> **Problem**: Check the material that follows for the word "lamp" and say how many lines contain it, with no other words.

> **Input**:

------------

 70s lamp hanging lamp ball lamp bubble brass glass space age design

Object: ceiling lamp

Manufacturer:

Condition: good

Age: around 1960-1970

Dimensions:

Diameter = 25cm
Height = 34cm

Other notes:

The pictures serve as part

------------

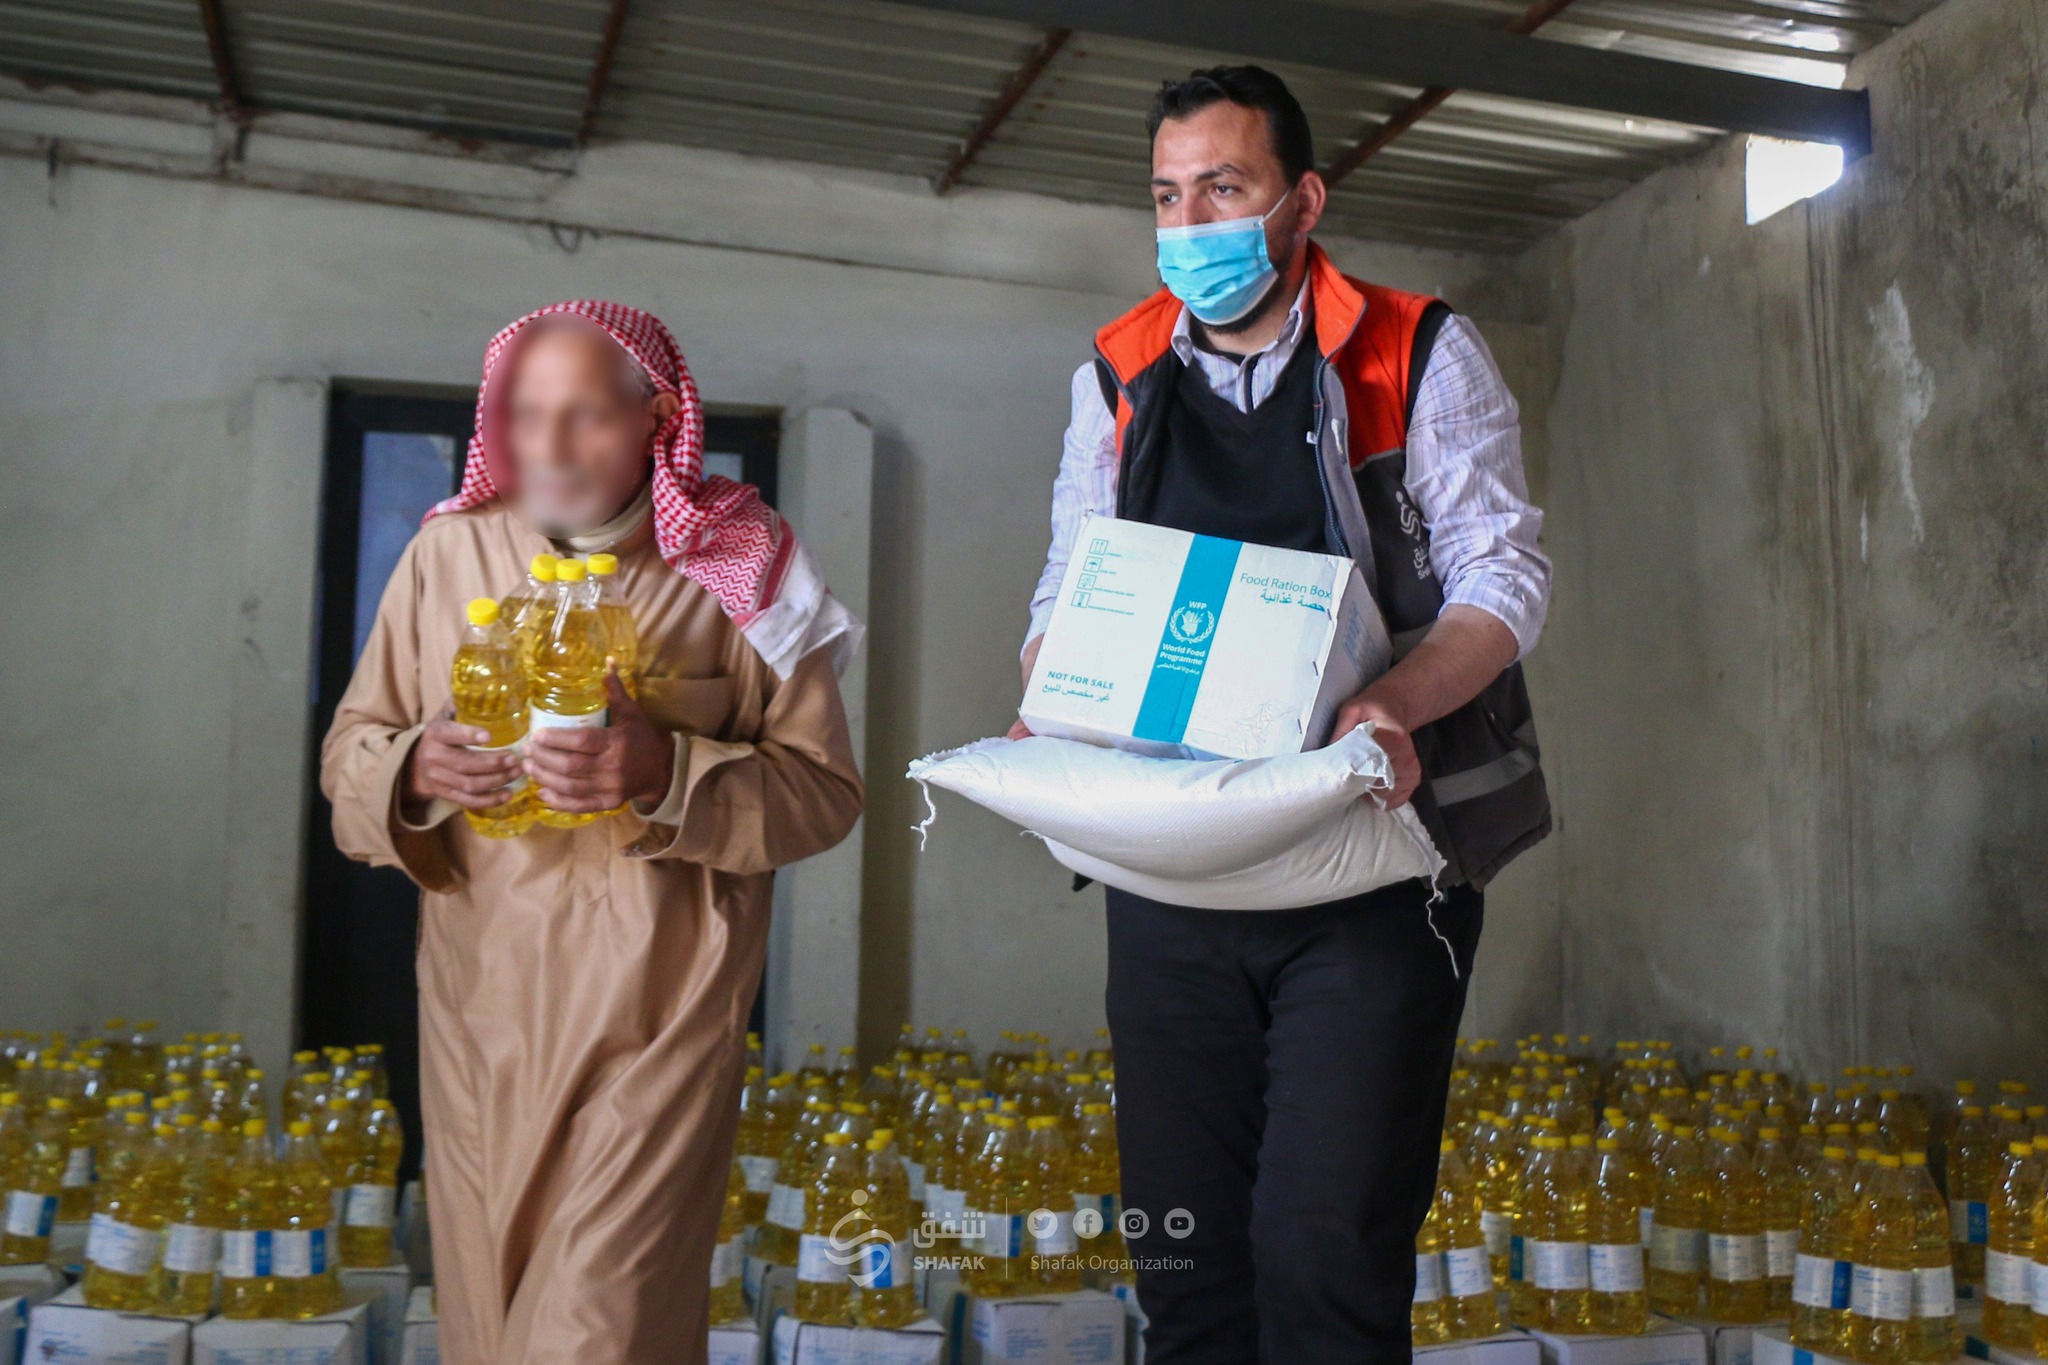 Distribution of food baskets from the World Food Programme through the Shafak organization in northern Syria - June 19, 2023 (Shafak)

------------

> **Solution for this problem**: 2